I only performed riffles, and captured a deck image after every single riffle. In the example sequence included with the repo, there are 8 images of decks, for a total of 7 riffles between the first and last deck. The image above is of the first deck, before any shuffles.
Segmentation
The next task was to segment a deck image into individual cards. I used segment-anything for this purpose. I worked on a cpu-only machine, so I used the smallest model along with a scaled-down image. The model segmented cards very well, but could also generate spurious segments.

I got rid of unwanted segments with some simple filtering (such as expected card area and aspect ratio). This worked because I used a fixed set of playing cards, and tried to capture consistent deck images. I often captured a couple of images of the same deck, and chose one on which segmentation worked.

Classification
Once I had card segments, I used
open_clip for labeling the cards.
Based on some
evaluation
(see the final deck accuracy column in the linked csv), the (SigLIP, webli)
models stood out as having very good performance, without any prompt
engineering. Perhaps the webli dataset includes playing cards, but I didn't
confirm.
Predictions were correct for cards that were clearly visible, such as the 3h
card
shown below. I took deck images on a phone, and cards near the edges were
consistently blurry. The SigLIP model I used often did well labeling even
these, such as the 6h
card.

I used the classification output as a seed to manually annotate the decks. Classification was pretty good (average accuracy 97% on the 8 example images) which simplified this step.
Permutation stats
With the annotation files in place, I could get an informal picture of shuffle quality. My example sequence of shuffles was far from perfect.
I found looking at permutation matrices to be helpful. A permutation matrix is
a matrix of zeros and ones that maps a source sequence to a permutation. In all
the matrices shown, the source was the starting deck (20251008_01).
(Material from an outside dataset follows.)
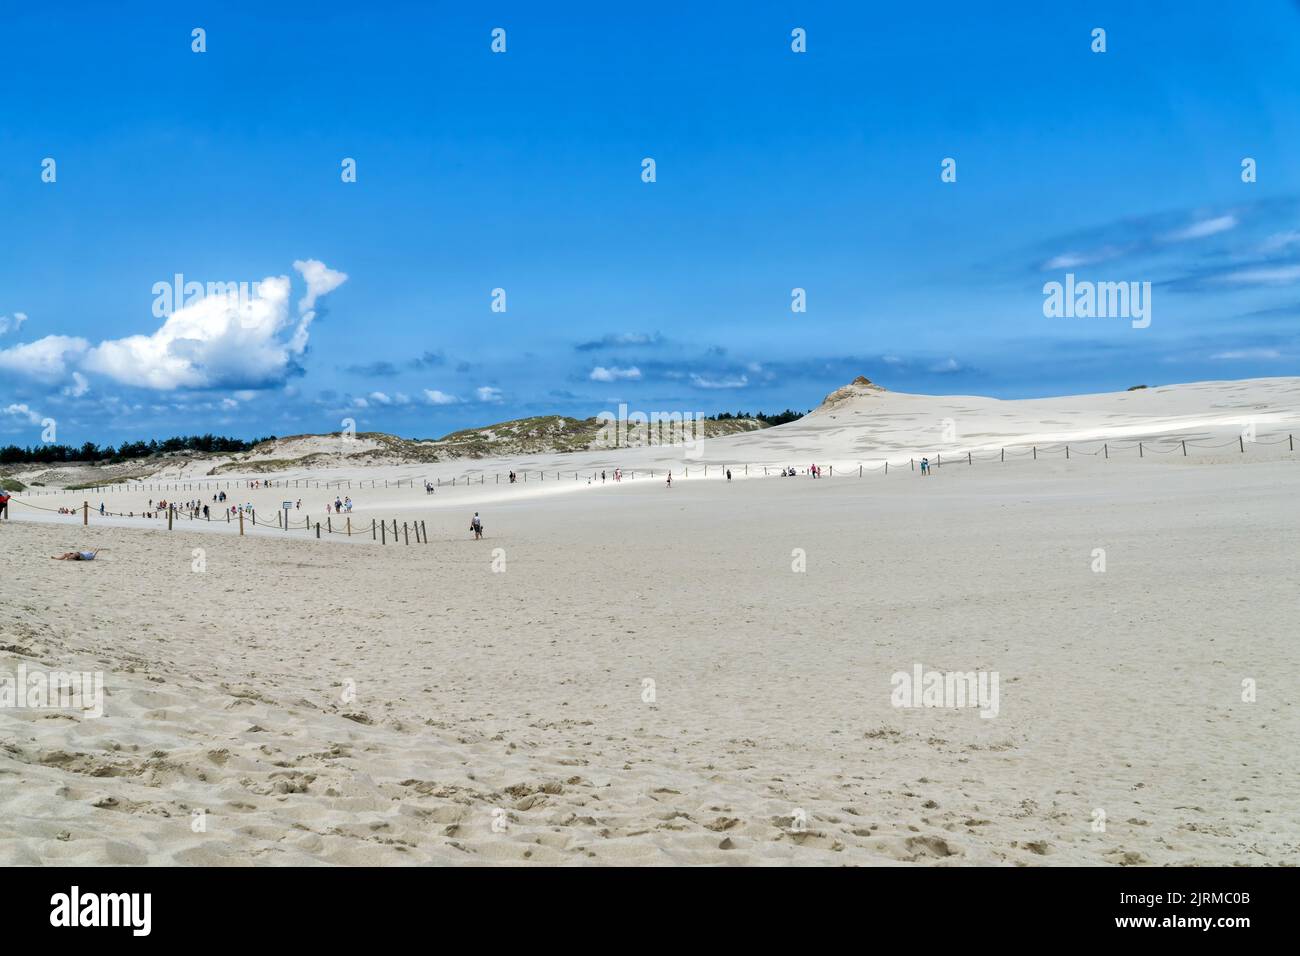 People explore in Lacka dune in Slowinski National Park in Poland. Traveling dune in sunny summer day. Sandy beach and and blue sky with white clouds. Stock Photo

The three
images below are the permutation matrix after 1, 2, and 3 riffles. In other
words, they map deck 1 to 2, 3, and 4.

- After 1 riffle, the matrix has 2 clear diagonals, corresponding to the cards in the left and right hand. It shows that I tended to drop groups of 3-4 cards at once.
- After 2 riffles, the matrix interestingly has 4 diagonals.
- After 3 riffles, the pattern of doubling diagonals is less convincing.
Shuffle 6, between decks 6 and 7, was so bad that it isn't even a riffle. I tried to follow the riffle with a bridge, but fumbled, and undid most of the riffle. Perhaps my sequence of 7 riffles is effectively only 6.
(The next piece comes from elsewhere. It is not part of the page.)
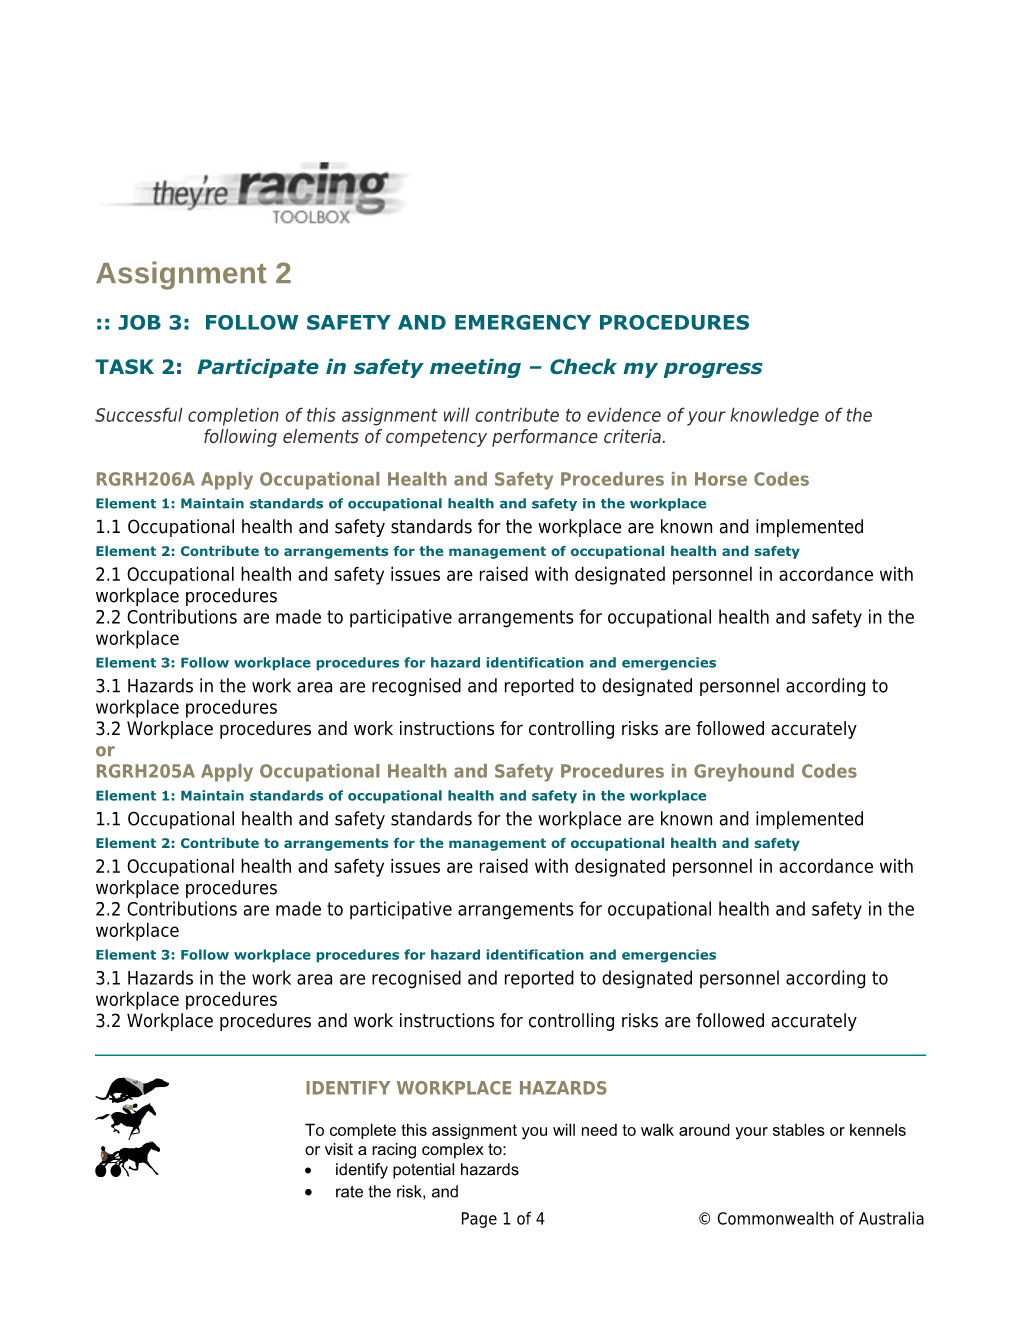 Job 3: Follow Safety and Emergency Procedures

The overall permutation matrix, between decks 1 and 8, looks pretty scattered, although a diagonal bias possibly still remains.
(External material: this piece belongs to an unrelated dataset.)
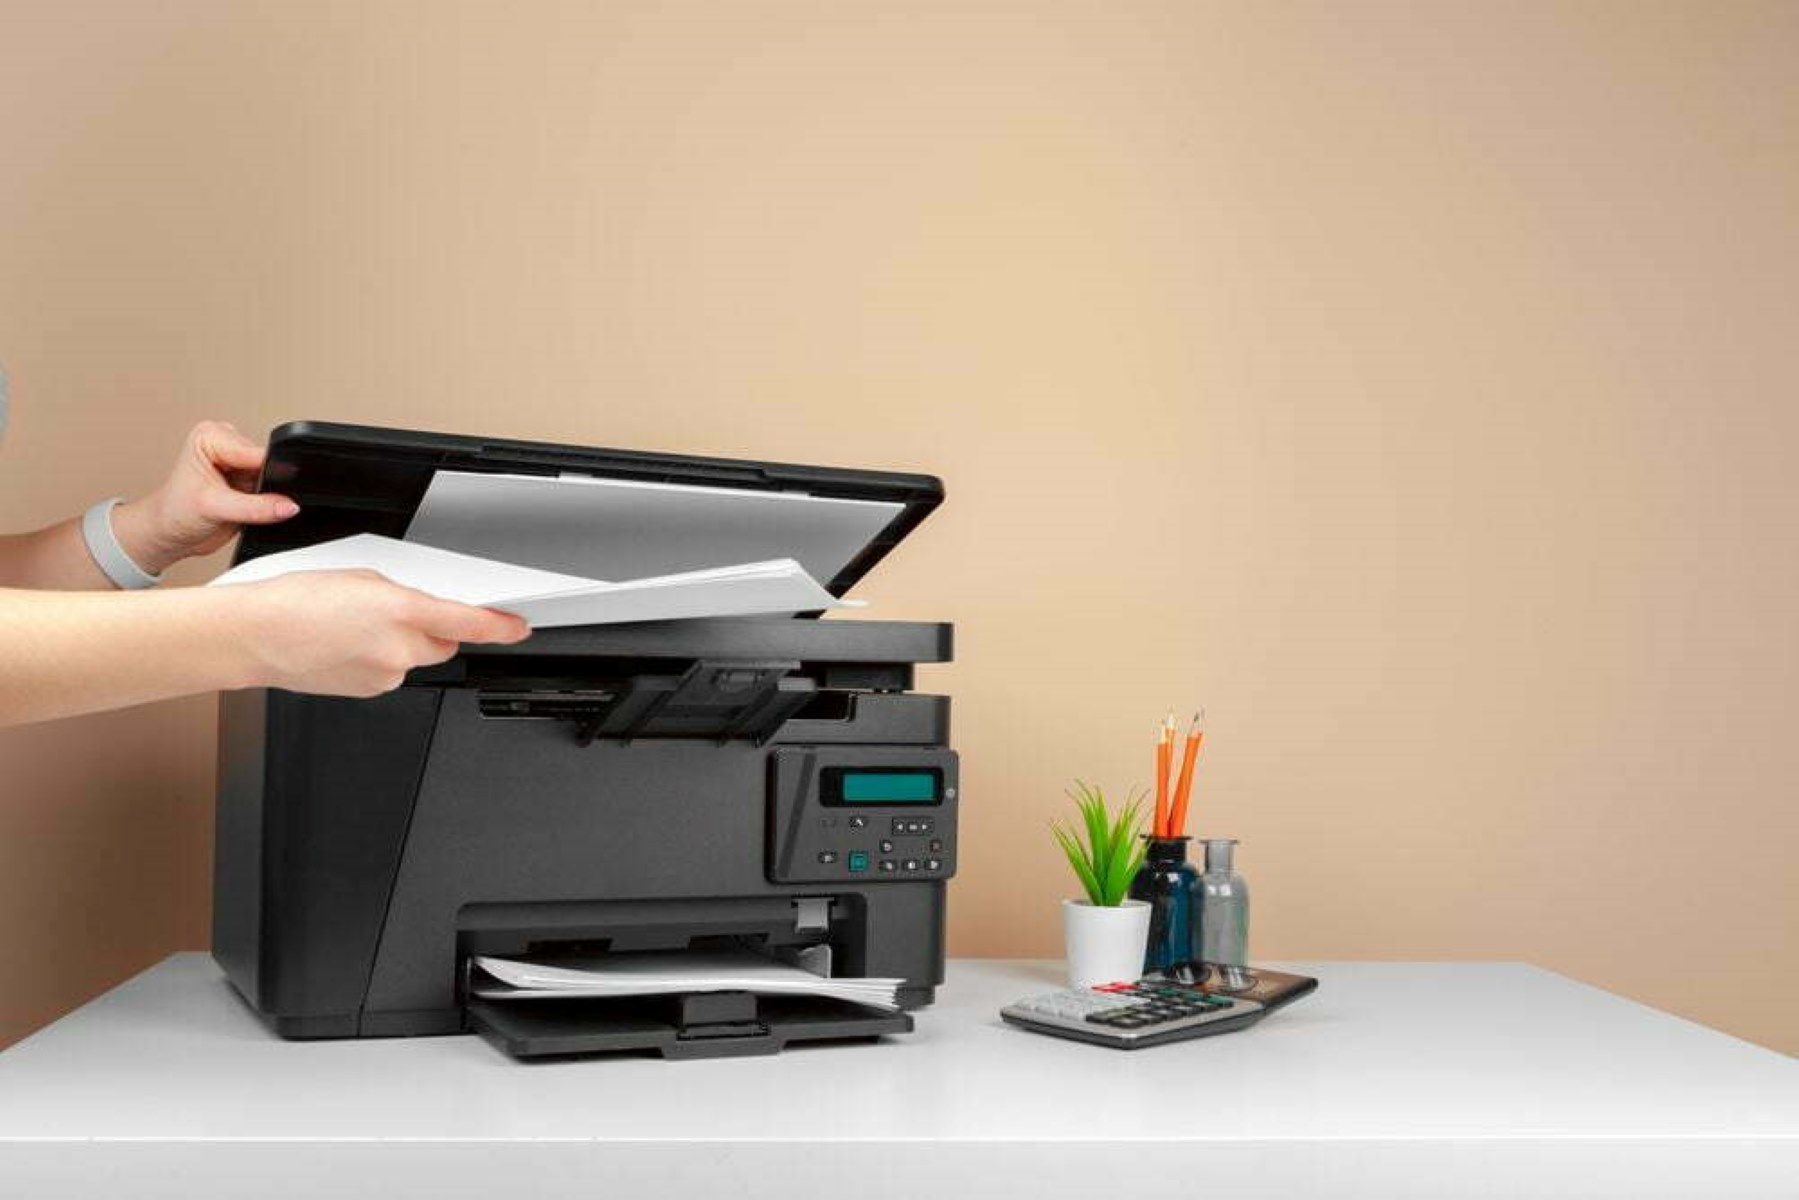 How To Print On Cardstock On A Canon Printer

In a permuted sequence, a pair of elements is inverted if their order is
flipped, relative to the source sequence. For a deck of 52 cards, the expected
number of inversions for a uniform random permutation is 52 * 51 / 4 = 663.
The number of inversions in my sequence of shuffles (relative to the starting
deck) is below.
281, 452, 583, 618, 696, 740, 714
I don't have anything as principled as confidence intervals, but 714 seems
far enough from 663 to suggest that my riffle shuffle needed more practice.
Conclusion
At the start of the project, I thought I would learn about random permutation statistics. Instead, I spent time working with zero-shot models for segmentation and classification, which to their credit worked very well.
The limiting factor for more statistics was data collection effort. In the final state of my code and workflow, it took me more than a couple of hours to capture, annotate, and inspect a sequence of 7 riffles, or 8 decks. I didn't have enough data instances to look into questions like the following.
- A hypothesis test for uniform random shuffles, including a consideration of alternatives and error rates. The wikipedia page on Random permutation statistics is a starting point.
- Correlation statistics between successive shuffles, which are not independent samples from a distribution.
- Exploring whether 6 riffles is enough, another result mentioned on the wikipedia entry on riffle shuffles.
I concluded this project once it became more fun, and practice, to shuffle in service of an actual game of cards.